Straight from the Source | Innovation

FROM PROPOSAL TO PROGRAM (l.–r.) Kids of all ages are enthusiastic participants in activities sourced, developed, and led by staff at Salt Lake County Library’s Magna branch; one of the winners of NYPL’s Innovation Projects, “Dimensions,” proposed by staff at the Andrew Heiskell Braille and Talking Book Library in collaboration with digital team members, explored the use of a Braille embosser and 3-D printer to produce accessible graphics that can be explored by touch; a digital department project leader offers a hands-on tour of an accessible 3-D printer; Heiskell assistive technology coordinator and 2017 LJ Mover & Shaker Chancey Fleet (standing) helps a user explore TactileView software to create a graphic that will be turned into raised dots
Photos by Jill Rothstein

How libraries tap their in-house experts from the front lines for innovations that work

Libraries possess a not-so-secret weapon when it comes to assessing the needs of their patrons—the frontline staff who engage with their communities every day. How can library leaders best tap staff members’ expertise, make staff at all levels feel safe and welcome to contribute, and harness that information to develop programs and policies that meet real-world needs? LJ has spoken with library professionals who are taking decisive steps to crowdsource transformative ideas from their staff and put them into effective action.

FOSTERING INNOVATION

The Brooklyn Public Library’s (BPL) BKLYN Incubator project has connected library staff with opportunities for skills development, including training sessions, mentoring, and an official pathway for proposing new funded programs. Staffers and library leaders have used BKLYN Incubator to fill programming gaps in the library’s 60 diverse branches, as observed by the employees who work there.
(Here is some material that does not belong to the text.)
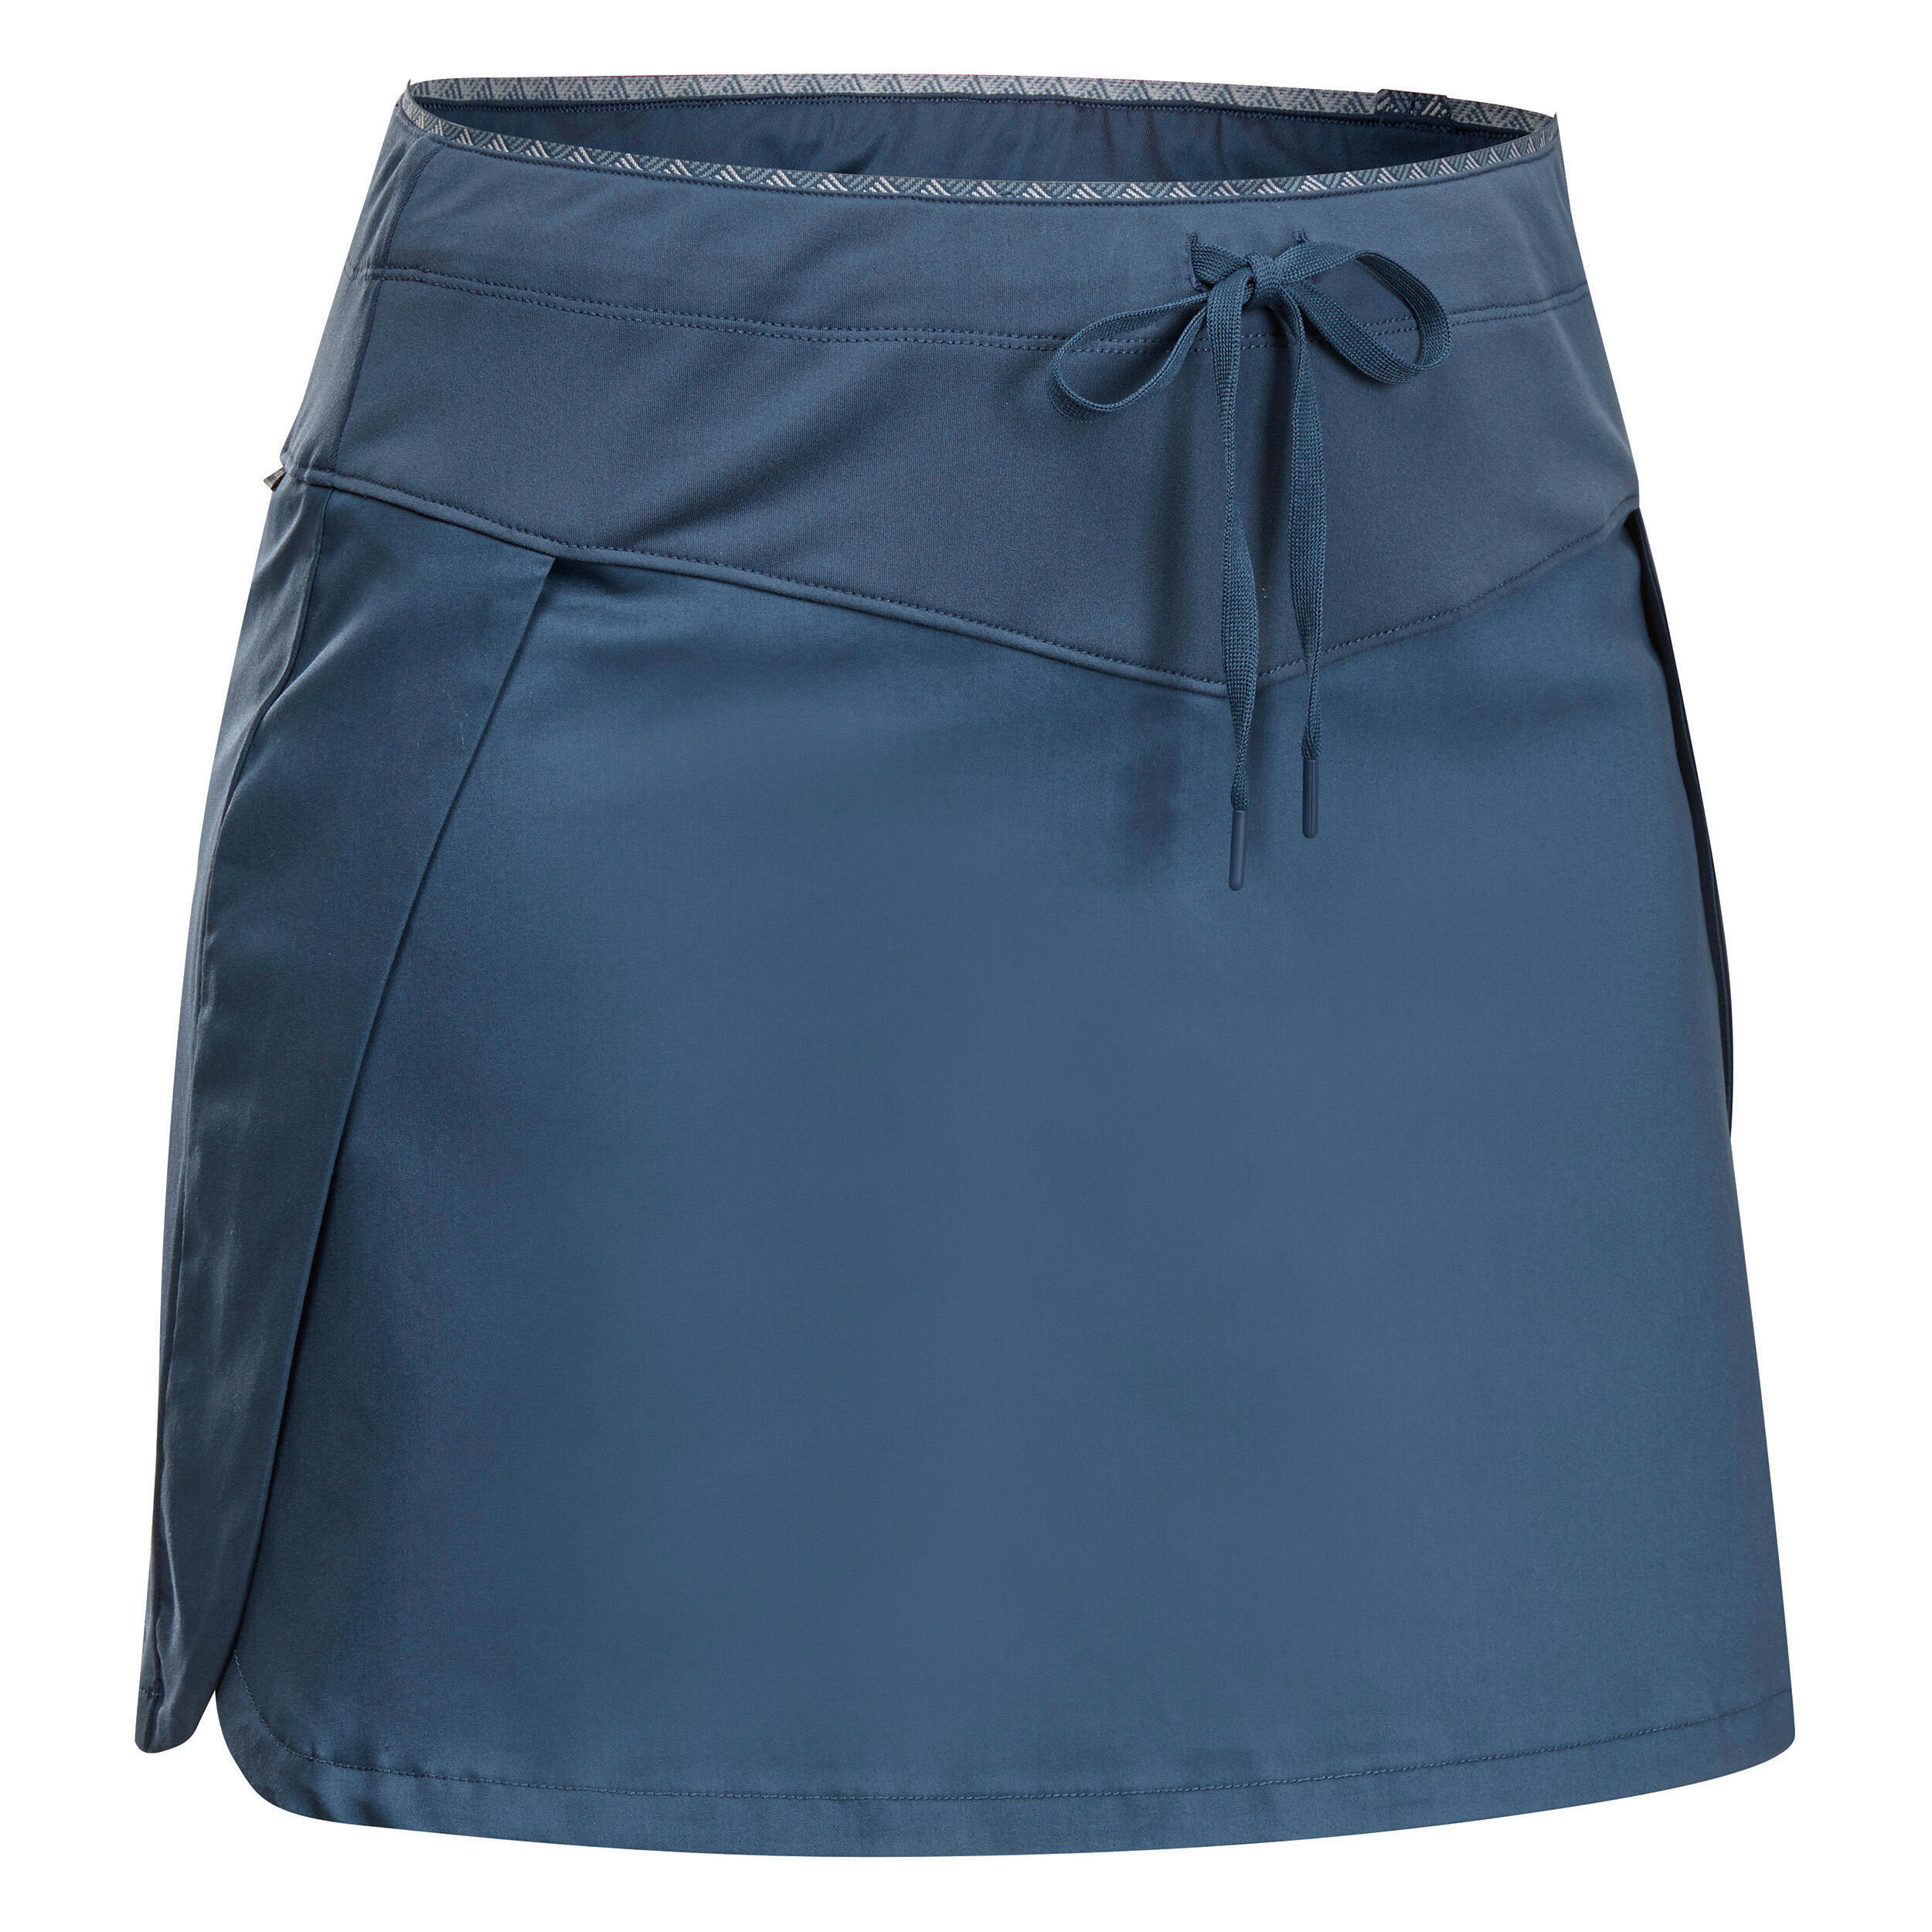 Women's Hiking Skirt - NH 500 Blue - Whale grey, Whale grey

Staff members at the branches naturally absorb vital information such as patron routines and preferences and the identities of important local organizations. According to Brynna Tucker, BKLYN Incubator manager, one key goal of the Incubator is to ensure that staff realize the amount of valuable knowledge that they already possess and to empower them to tap into and act on their ideas. “We offer a process to take that ethnographic research and analyze it in some way,” she says. Public service staff in particular have taken advantage of the BKLYN Incubator’s offerings, such as full-day workshops, programs on community and opportunity mapping, mentorships, and an organized process for pitching program ideas to be considered for funding. So far, the BKLYN Incubator has funded a total of 21 projects. At press time, a fourth round of proposed projects was open for public comment.

Projects proposed by branch staff and created since the 2016 start of the funding rounds include “BookMatch Teen,” for teen patrons to recommend books to their peers, and “We Hold These Truths,” which the library describes as a “documentary-style theater performance—based on the writings of adult literacy students—designed to raise awareness of the adult basic education program and give voice to our student population and the issues that matter most to them.”

Since 2014, the New York Public Library (NYPL) has also sponsored an Innovation Project that provides support and funding for staff looking to develop their ideas for programming and for driving change at the local level. Over the past three years, the Innovation Project has funded 89 programs, with most ideas coming from branch libraries and the public service librarians who work there. Children’s and young adult librarians, as well as NYPL’s Education Department, are particularly well represented in the program.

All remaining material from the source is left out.